I see a solution in the following pattern:


// in src/types/database.ts
// for each connection config, we need to edit the client option to accept a knex type too... 
// I am not sure about the database clients like postgres but sqlite should be able to accept this custom config

import {Knex} from 'knex'
export type SqliteConfig = SharedConfigNode & {
  client: 'sqlite' | 'sqlite3' | 'better-sqlite3' | typeof Knex.Client
  connection: {
    filename: string
    flags?: string[]
    debug?: boolean
    mode?: any
  }
  replicas?: never
}

// in src/connection/index.ts
// update the this.dialectName to consider a custom client
export class Connection extends EventEmitter {
    ...
    constructor(name, config, logger) {
        super();
        this.name = name;
        this.config = config;
        this.logger = logger;
        this.validateConfig();

        if(
            typeof this.config.client === 'function' && 
            this.config.client.prototype instanceof knex.Client
        ) {
            const Client = this.config.client; // Get the constructor reference
            const newClient = new Client({...this.config}); // we can spread all config except client but this is simple to spread all
            this.dialectName = resolveClientNameWithAliases(newClient.dialect);
        }
        else {
            this.dialectName = resolveClientNameWithAliases(this.config.client);
        }
        ...
    }

    // Finally, to make it also work in "knex-dynamic-connection", we need to update the patchKnex function
    // index.ts (in the library)
    // update the function to also consider a client that is a function from knex

    export function patchKnex(
       knex: Knex,
       configFn: (config: Knex.Config) => Knex.ConnectionConfig
    ): void {
        const client = knex.client;
        let clientName= '';
        if(
            typeof client.config.client === 'function'
            // I also wanted to check for typeof being knex.Client but it was not working so I ignored it
        ) {
            const Client = client.config.client; // Get the constructor reference
            const newClient = new Client({...client.config});
            clientName = resolveClientNameWithAliases(newClient.dialect);
        }
        else {
            clientName = resolveClientNameWithAliases(client.config.client);
        }
    }
}

I am not sure how this affects the packages altogether but by updating those (in the build of the packages in node_modules as I was testing), it worked for me to be able to use a custom client.

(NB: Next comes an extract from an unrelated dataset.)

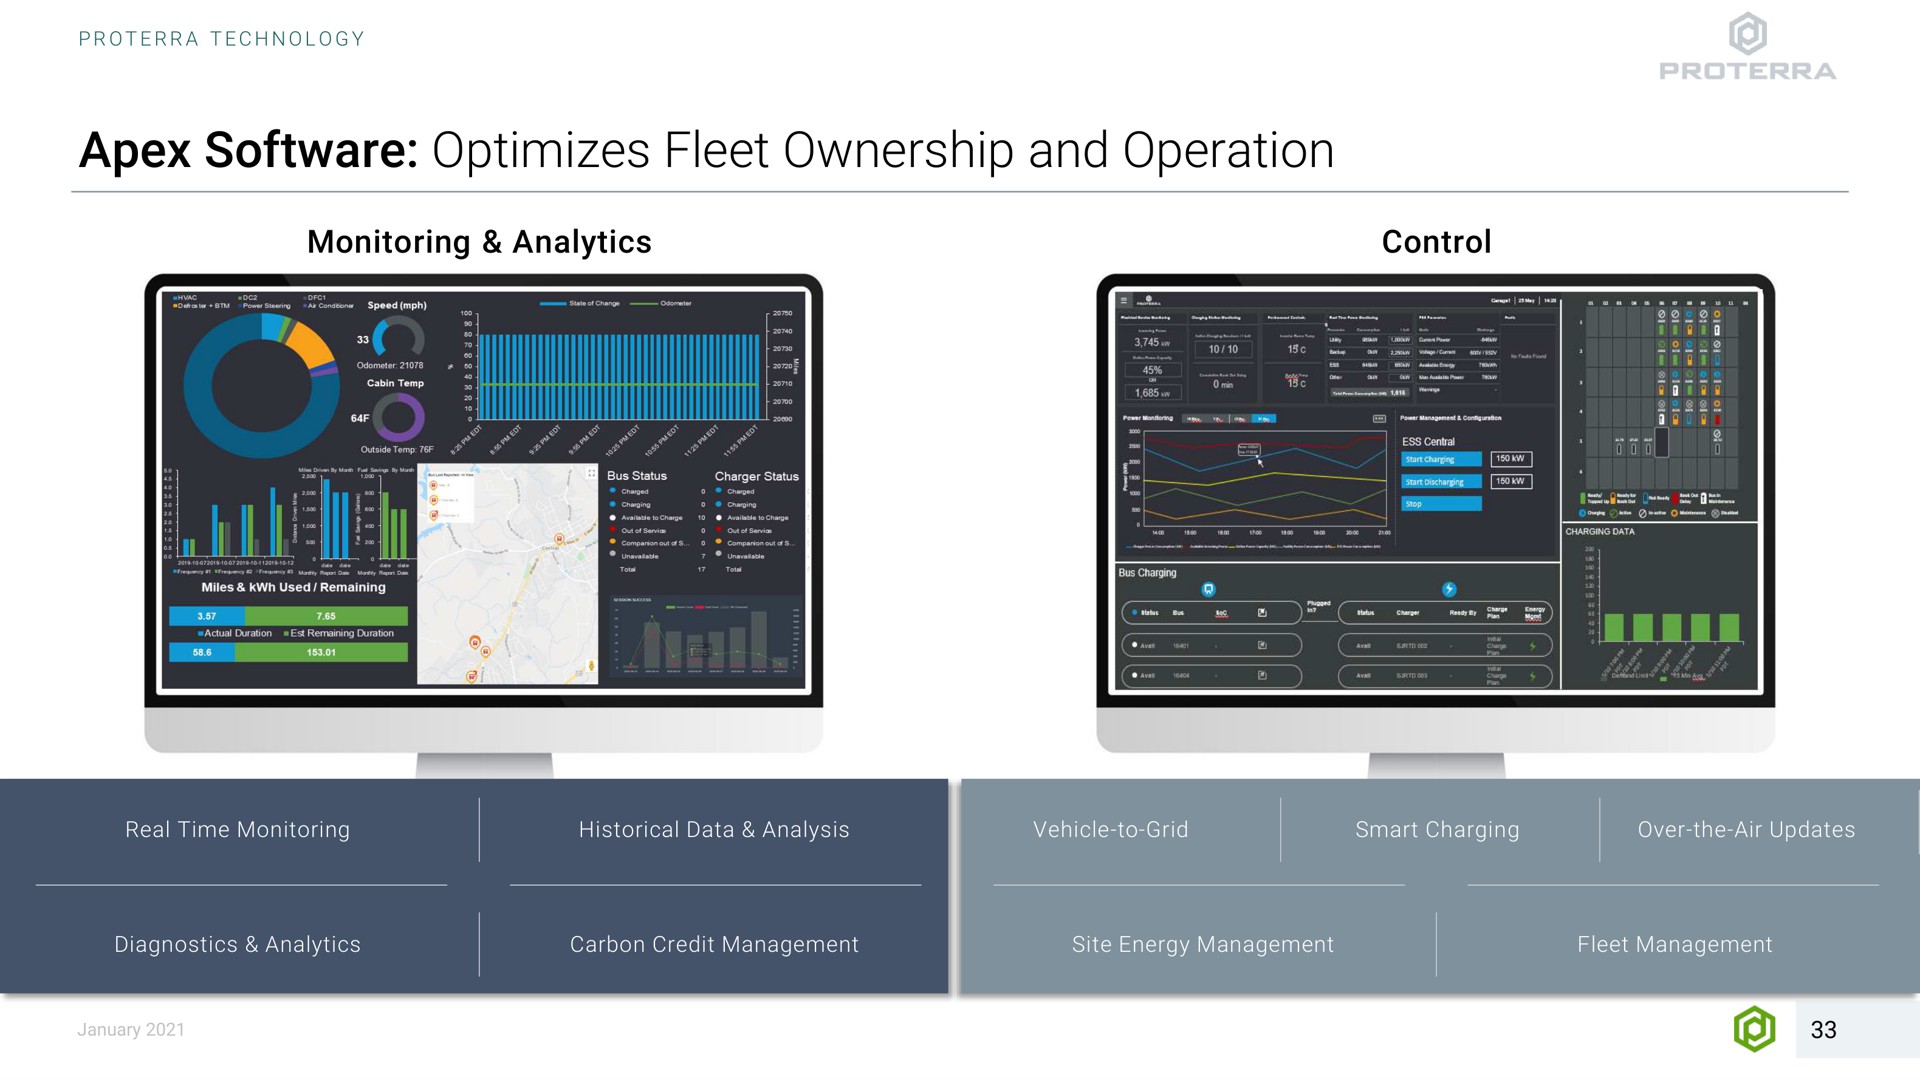 apex optimizes fleet ownership and operation monitoring analytics control real time monitoring carbon credit management historical data analysis site energy management diagnostics analytics over the air updates management smart charging vehicle to grid | Proterra
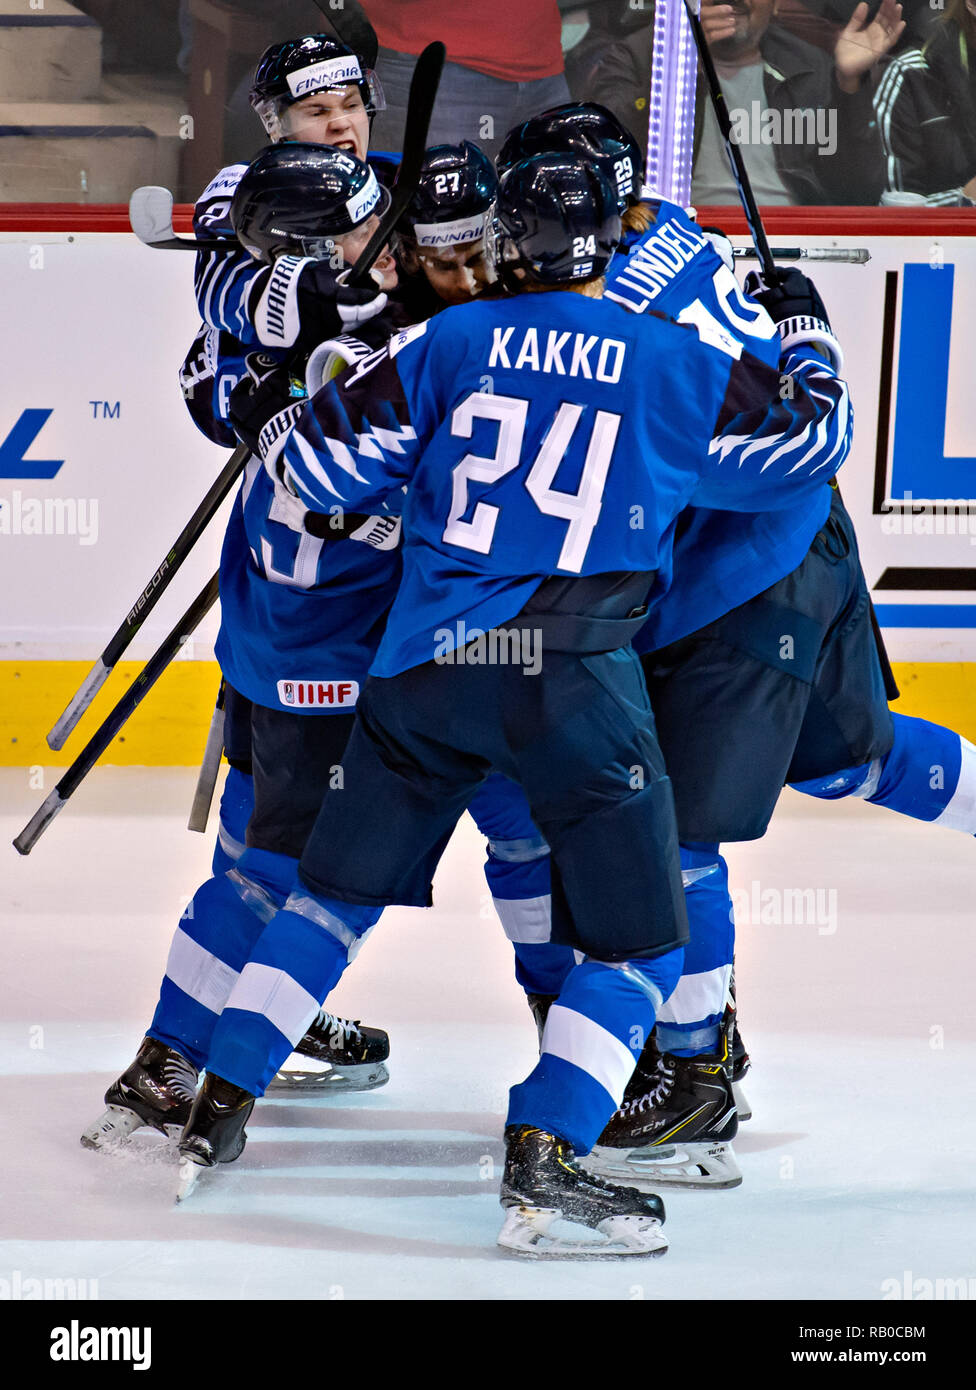 Vancouver. 6th Jan, 2019. Team Finland players celebrate their first goal during a match against USA at the IIHF World Junior Championships in Vancouver, Canada, January, 5, 2019. Credit: Andrew Soong/Xinhua/Alamy Live News Stock Photo

futuregerald commented 1 week ago

This is great, I'd love to be able to use turso with Adonisjs. Hoping that it can be supported properly rather than having to modify a file in node_modules. Appreciate the investigation you did here.

thetutlage commented 1 week ago

I got it to work with few tweaks. @discoverlance-com thanks for digging into it and providing insights.

Let's have libSQL supported as a first-class citizen

futuregerald commented 1 week ago

I got it to work with few tweaks. @discoverlance-com thanks for digging into it and providing insights.

Let's have libSQL supported as a first-class citizen

Love this! mind sharing your code with the tweaks you made?